These films have one vital link. Both protagonists are clearly smart and negate the naivety that often – it is assumed – accompanies a blithely happy soul. They have deliberately chosen to make the most of every day, to be kind to everyone they meet and to see the beauty in each moment. Elwood offers friendship (and his card) to everybody he comes across, showing interest in their life and enjoying every minute.

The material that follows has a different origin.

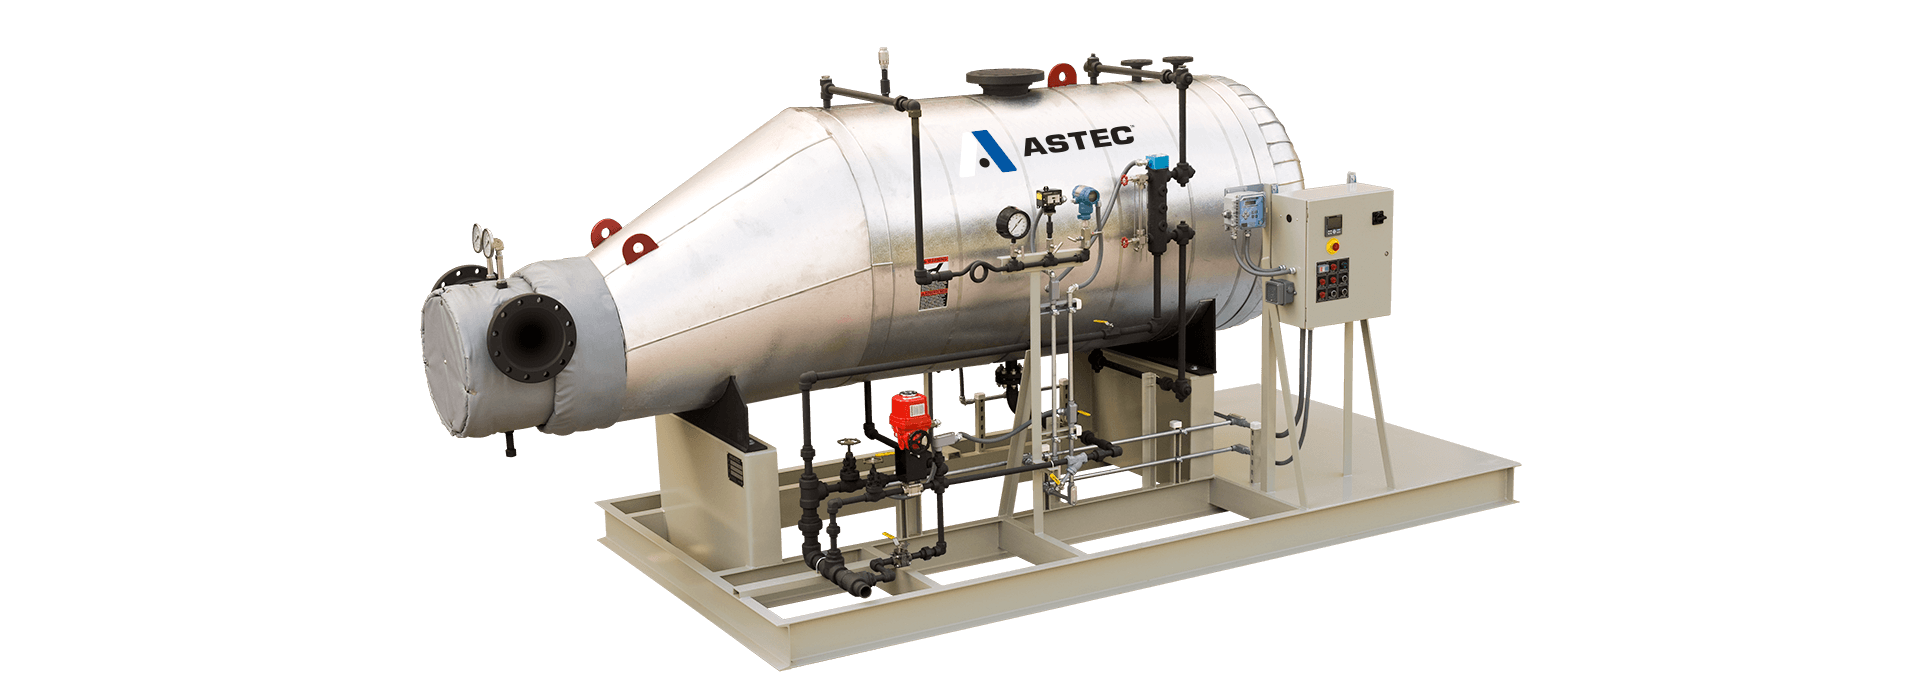 Heatec Steam Generator
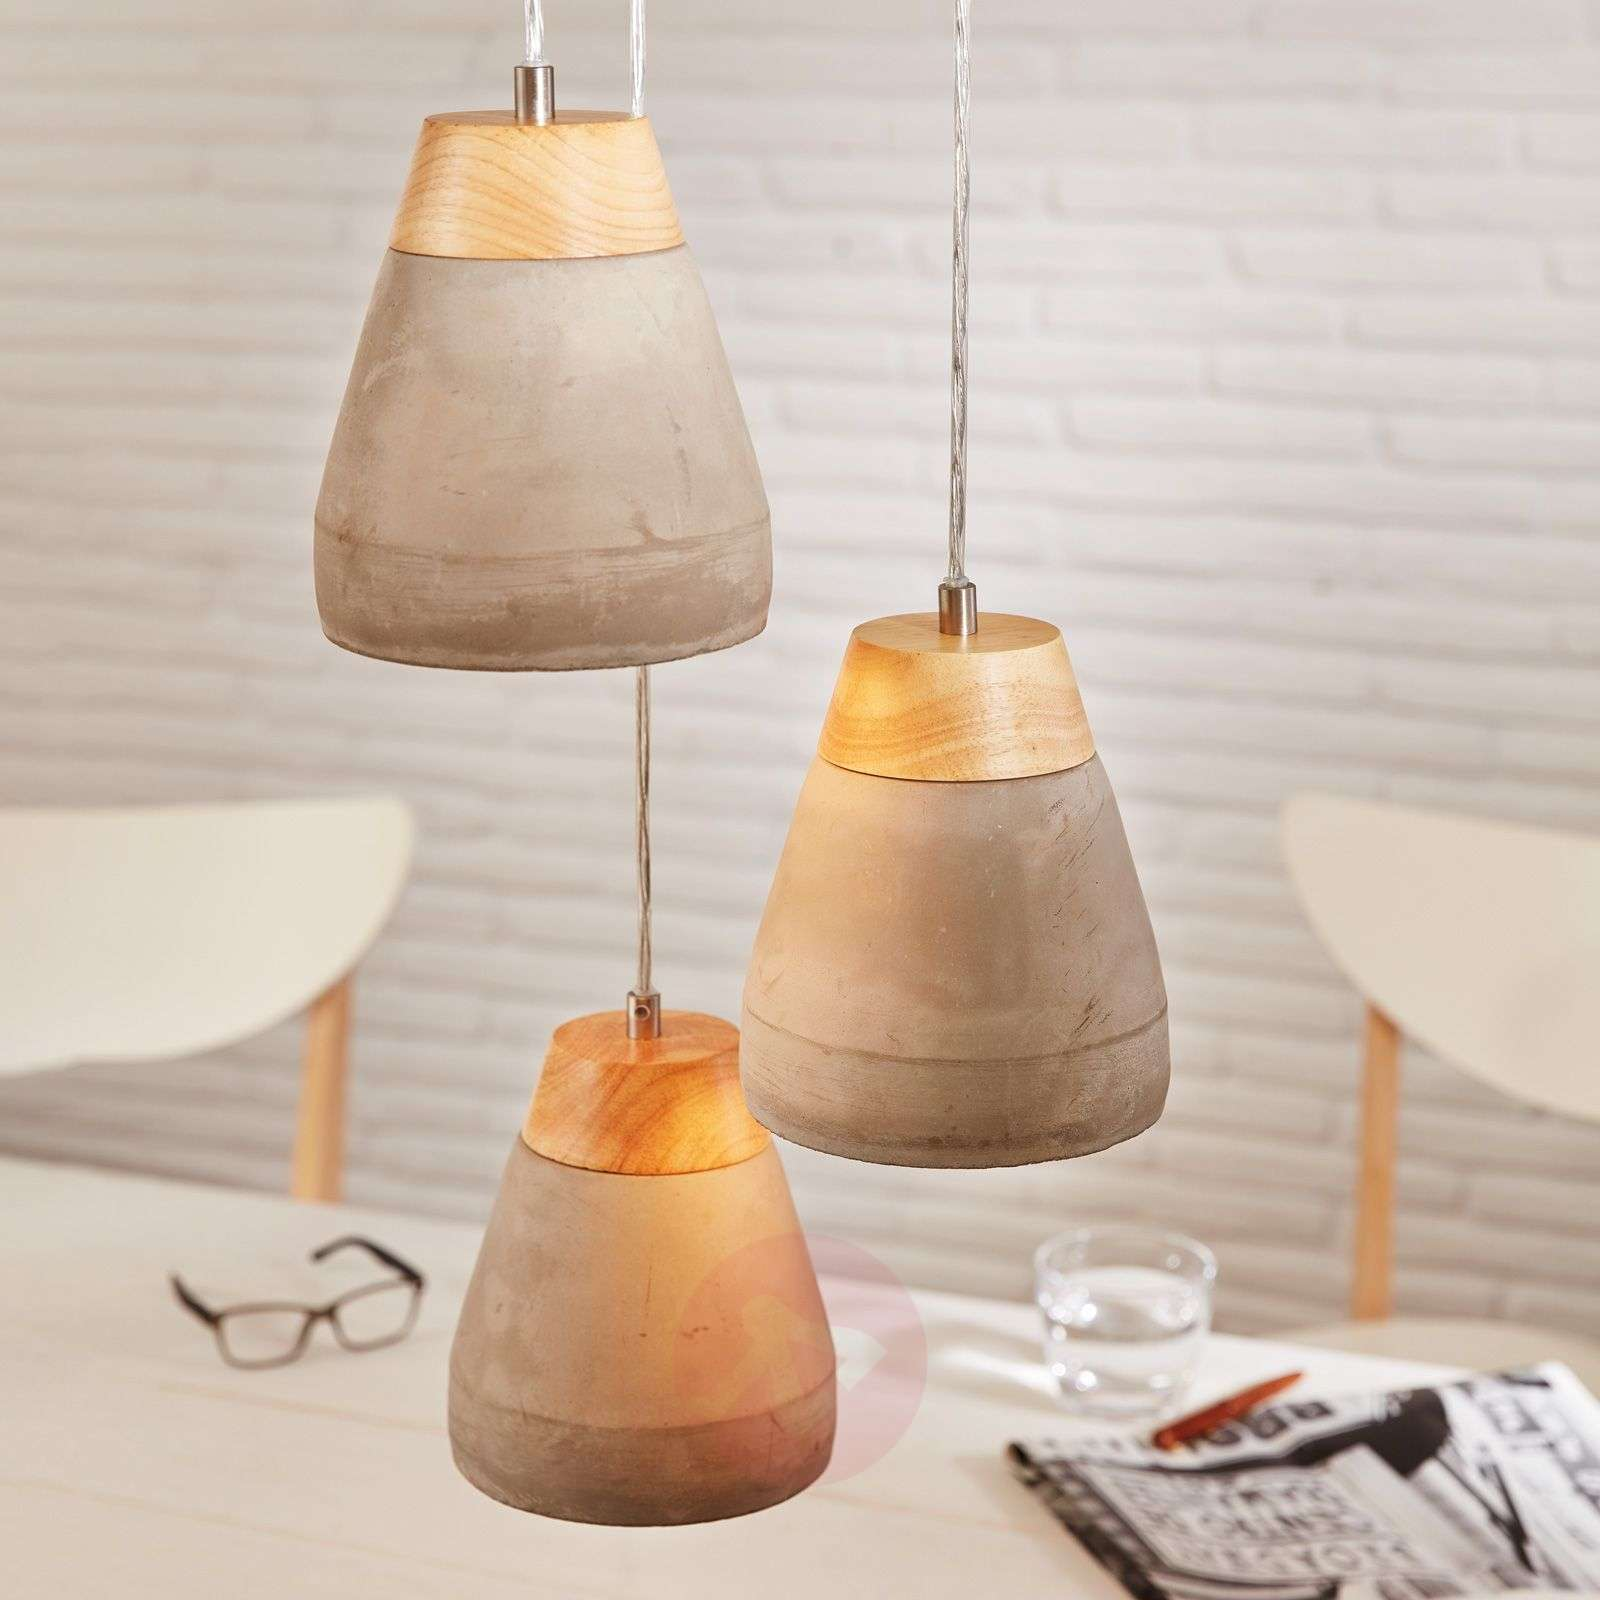 Puristic Tarega hanging light with concrete look-3031930-04

He states, quite simply“I always have a wonderful time, wherever I am, whomever I’m with.” He hints later that he has not always been of this disposition – of a darker time before Harvey the Pooka (a magical creature of celtic mythology who takes the form of an animal) makes an appearance. But he has made the choice to live his life in such a manner. “I’ve wrestled with reality for 35 years and I’m happy to state I finally won out over it.”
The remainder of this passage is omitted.